[microsound] Electroacoustic techniques
lsutton at libero.it
Tue Feb 23 10:08:51 EST 2010
It's nice to have this kind of discussion. Hope my email is not too long :)
I'm a musician with "traditional" (classical guitar and musicology
studies) who has recently started studying (as a worker) electronic
music... so not so many electronic pieces, yet.
While reading your email I thought, though, of a recent piece for piano
and electronics I did for an assignment. Unfortunately I haven't found a
'real' pianist willing to play it. The assignement was to start from
different small series of notes and expand on those then also create an
electronic part, but it wasn't so strict. I decided to restric myself
only to a selected few I liked and then elaborate on those, both for the
piano and the electronic part, I also chose to restrict the electronic
part to only be elaborations of the recorded piano.
I posted the material here:
hoping some pianist would be interested (a full 'rendered' is also
available together with a low-res score)
My performance idea was to have the pianist have also fun while playing,
and while the timing on the score is quite precise, I'd like the
possible player to 'play' (in the fun meaning) with the electronics, as
if they were another 'performer'.
For this reason I created a visual 'score' which is more an
impressionistic one than a scientific one: it's to give a visual clue to
the piano player possibly giving him/her hints. I think reading the
score while listening to the piece is pretty self-explanatory.
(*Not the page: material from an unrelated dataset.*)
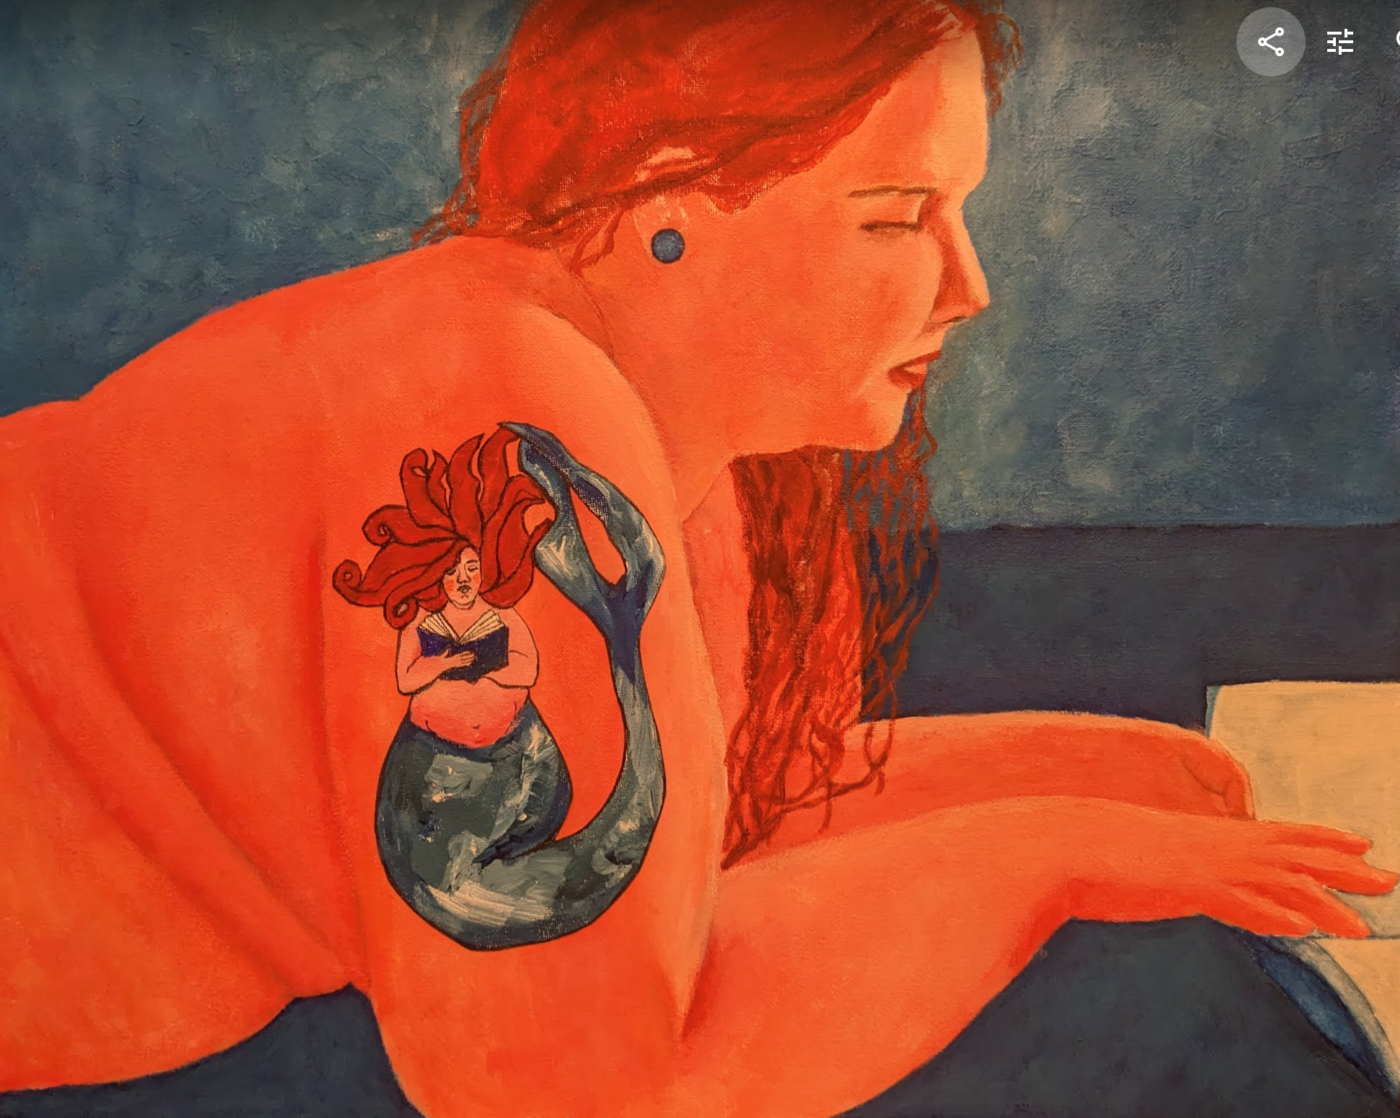 A painting of a young feminine person with bright orange skin and a tattoo of a mermaid reading. The person is lying down and reading as well.

The piece got very good reaction and encouragement from my tutors and
colleagues, yet as I said has never been performed live :(
As for tools, I'm a linux guy now and used rosegarden+lilypond for
writing the piano score (after taking some sketches on paper while at a
real piano) and inkscape for the electronic part.
The electronics, as said, are all electronic elaborations based on the
recording of the piano part (of course in this case it's a sampled one)
and were processed with PD and ardour.
I love PD as a tool to try out and experiment new sounds, because I find
it easy to prototype stuff that plays soon (vs csound etc where you have
to write a lot before hearing something..) but that's a matter of
Happy you started such a stimulating dicussion.
All the best,
PS: Should you really be more interested I have a more hi-res version of
the score which is supposed to be printed in A3.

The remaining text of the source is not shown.